How to reduce unnecessary meetings at work

  • Audit and clear unnecessary meetings

    This is especially useful where meetings are automatically recurring and attendees are struggling to engage or find things to contribute.

  • Allow and encourage respectful declining

    Let employees know that turning down a meeting invitation is OK, especially where they have other demands on their time and don't feel they can contribute in a valuable way.

  • Introduce meeting-free times

    This can be meeting-free days, or hours in which meetings should not be scheduled. Meeting-free times will help people concentrate on other work, as well as consider what they can usefully contribute to any scheduled meetings.

  • Prepare thoroughly

    Work through each agenda item. You might even find that some goals can be achieved without having the meeting.

  • Replace regular update sessions

    You can put regular updates on group chats or news feeds so people can access news and progress when it suits them.

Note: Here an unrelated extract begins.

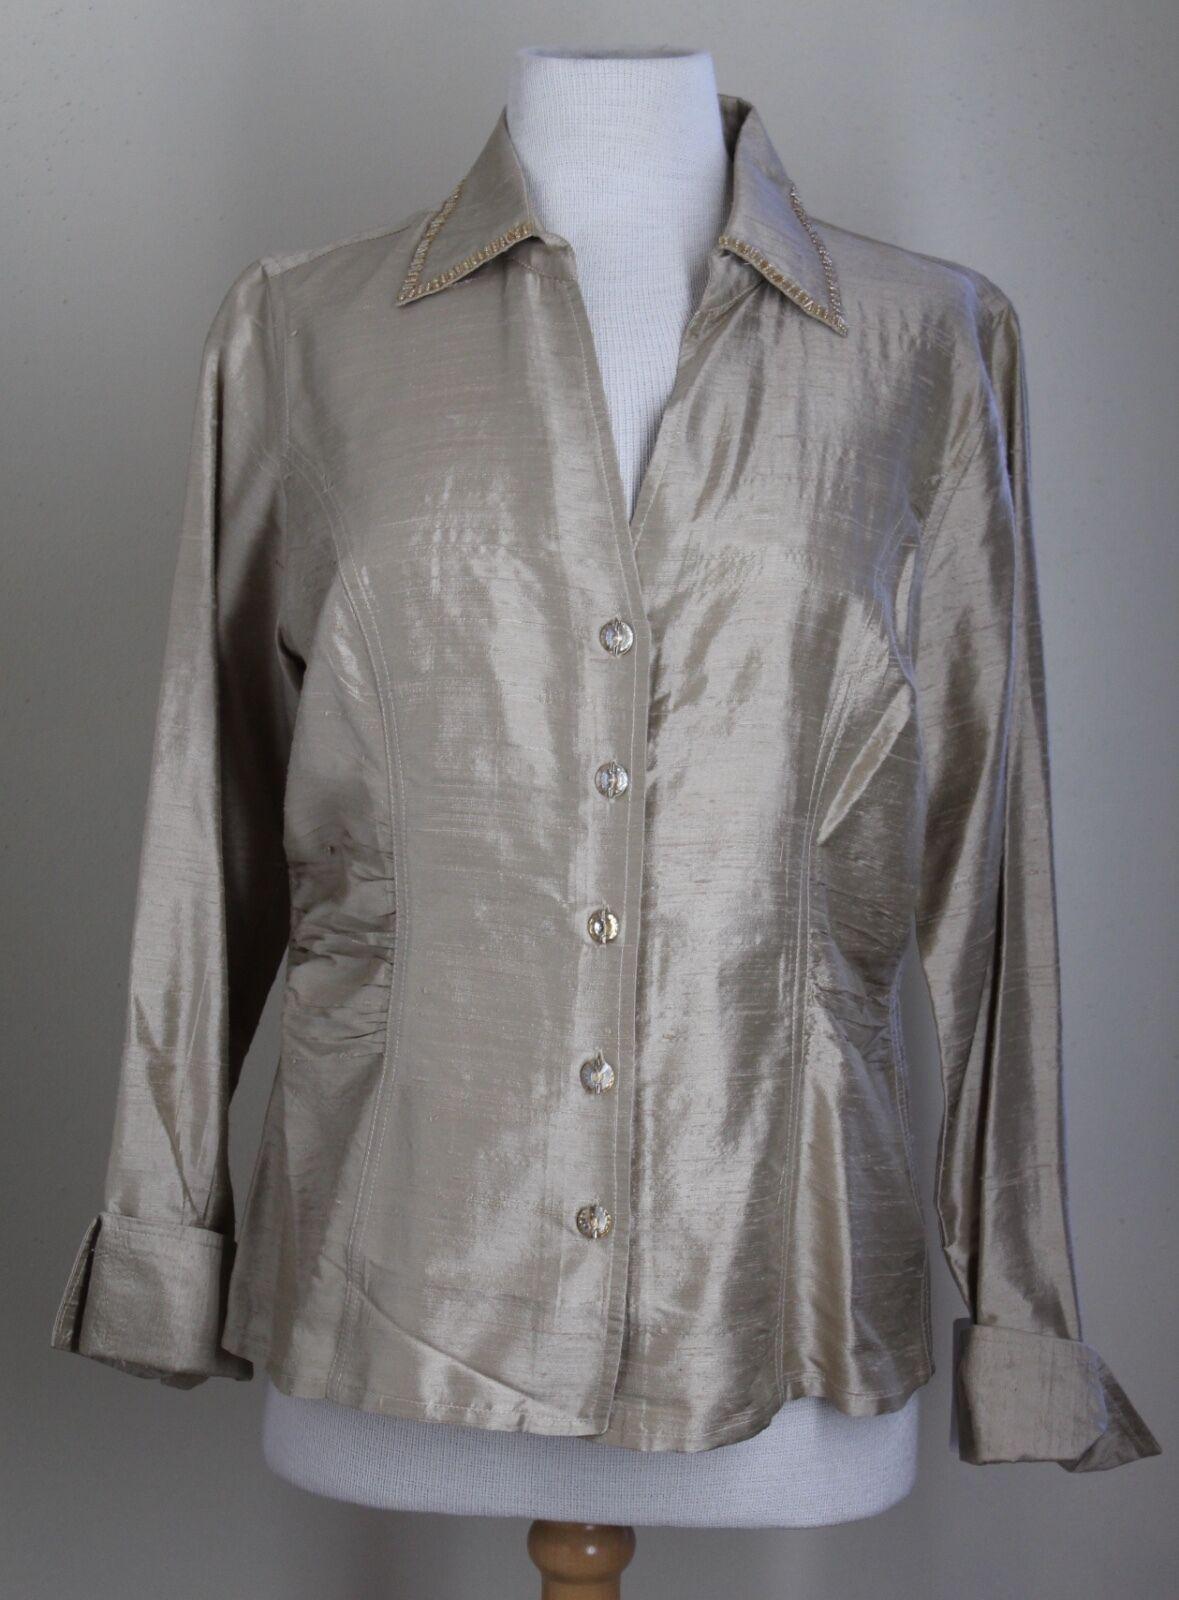 New Blau Bayou Art-to-Wear Gold Champagne Silk Ruched Shirt Jacket Sz M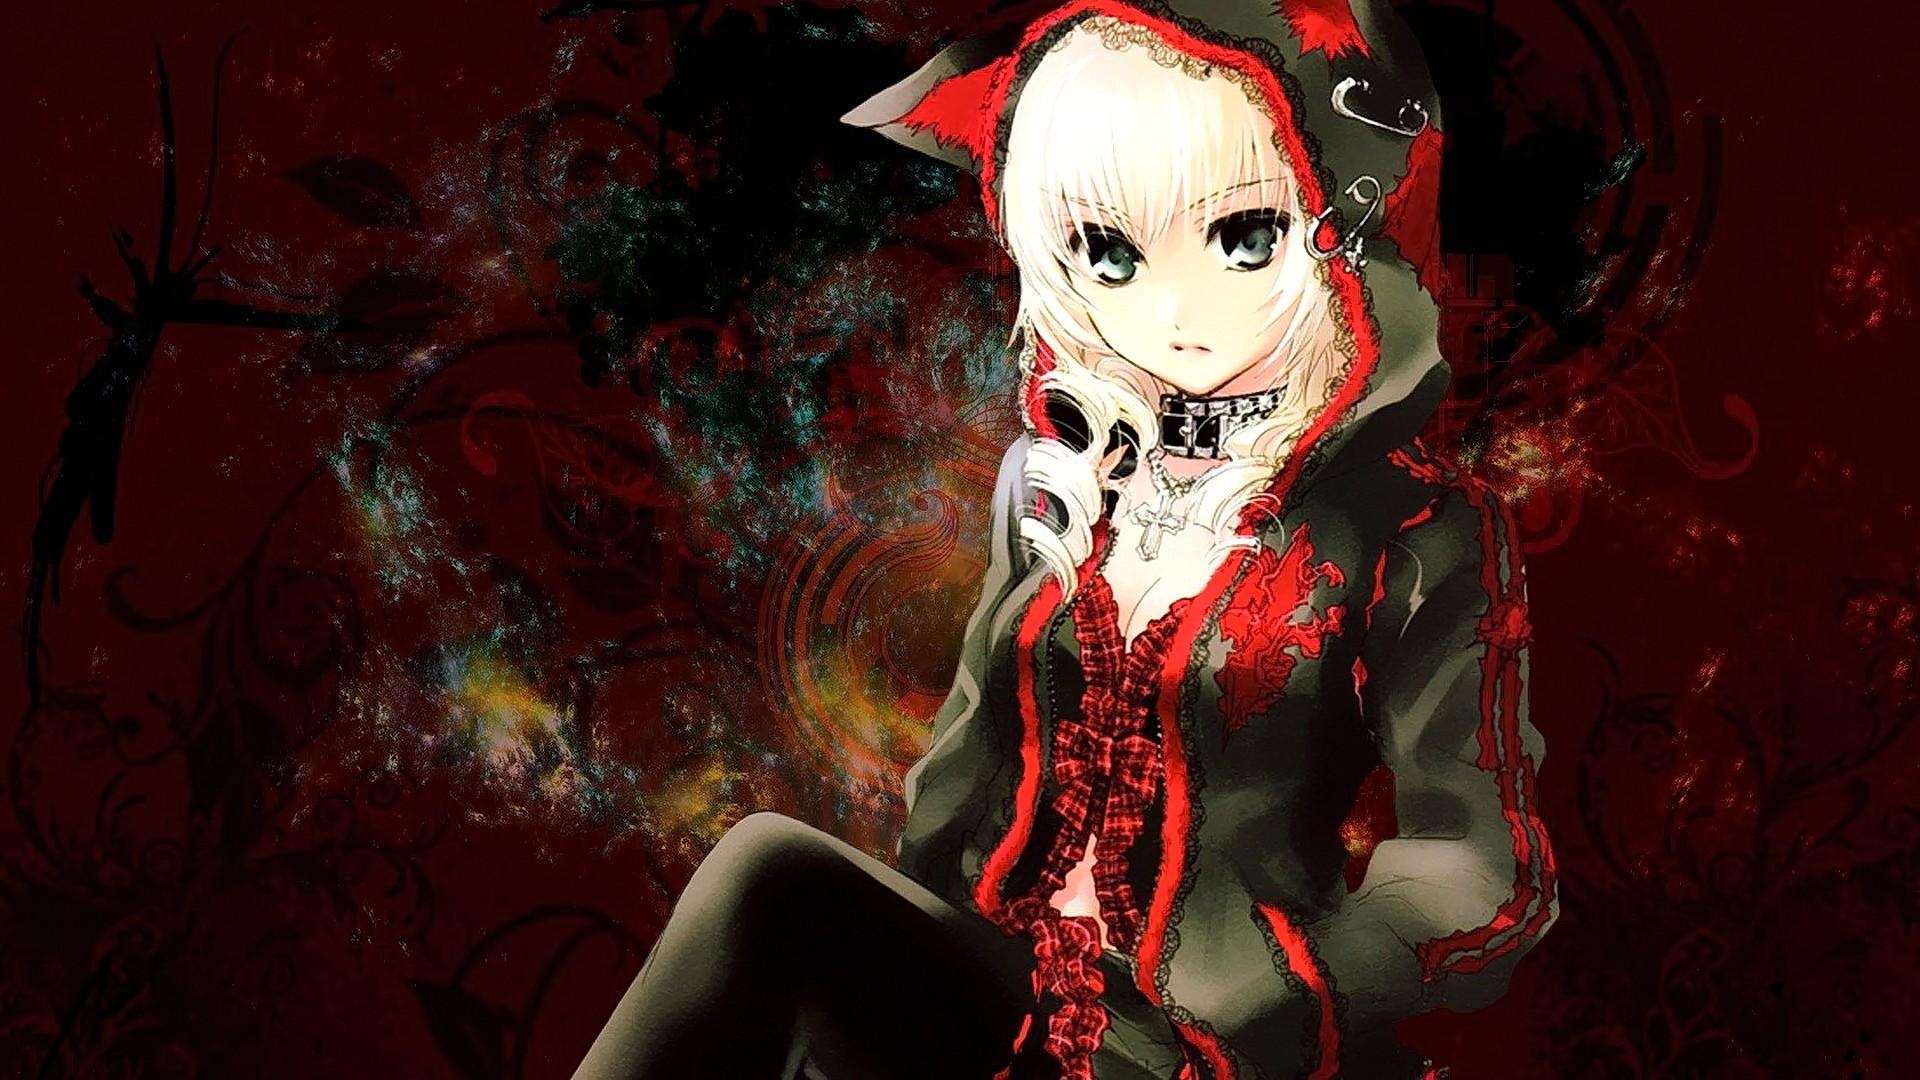 Фото аниме девушка в капюшоне с

  • Publish the meeting duration ahead of time

    If employees know how long the meeting will take, they can plan their contribution and their time more effectively.

  • Have a clear agenda

    Make sure that you have clear discussion points and goals for the meeting. If there aren't any, or if the background work or information you need isn't available, cancel the meeting.

  • Delegate

    Use members of your team to attend instead of you, if appropriate. You don't all need to be there.

  • Work asynchronously

    Meetings may not need to be at a specific time for everyone. You can use communications platforms to keep meetings 'open' for longer periods, with attendees contributing as the meeting progresses.

How to make the meetings you do have better

How to make the meetings you do have better

If you're scheduling a meeting, or a series of meetings, there are a few ways to make them more productive more cost-effective:

  • Cut down on admin

    Use AI to take the work out of scheduling and managing agendas, sending invitations and reminders and recording, transcribing and sharing meeting reports.

  • Reduce numbers

    Make sure that everyone you invite really needs to be in the meeting. And let people know they can turn down an invitation if they have nothing to contribute.

  • Keep it short

    The consensus is that the ideal length of a meeting is something between 15 and 45 minutes – any longer than that and people will get bored and distracted. According to findings from zippia.com, employees are highly likely to multi-task during virtual meetings, with 55% checking email, 51% texting, 45% snacking and 39% scrolling social media.

  • Stand up

    In-person meetings where everyone stays standing cut out time used to get settled around a table. They also show respect for attendees' time and minimise distractions.

  • Shorter speaking windows

    Giving contributors a time limit to make their point will cut down the overall length of the meeting and help make sure that no one dominates.

  • Try tech enhancements

    Virtual meetings can suffer from attendees being distracted and suffering from screen fatigue. That's why companies are enhancing their meetings by using virtual reality (VR) to give people working remotely a feeling of real in-the-room presence in meetings.

  • Stick to the agenda

    Don't go off on tangents or use the meeting as an excuse to micro-manage attendees

  • Gather and use feedback

    Ask people how relevant, important or valuable the meeting has been. And find out if they have any suggestions for change that will make meetings more engaging and productive.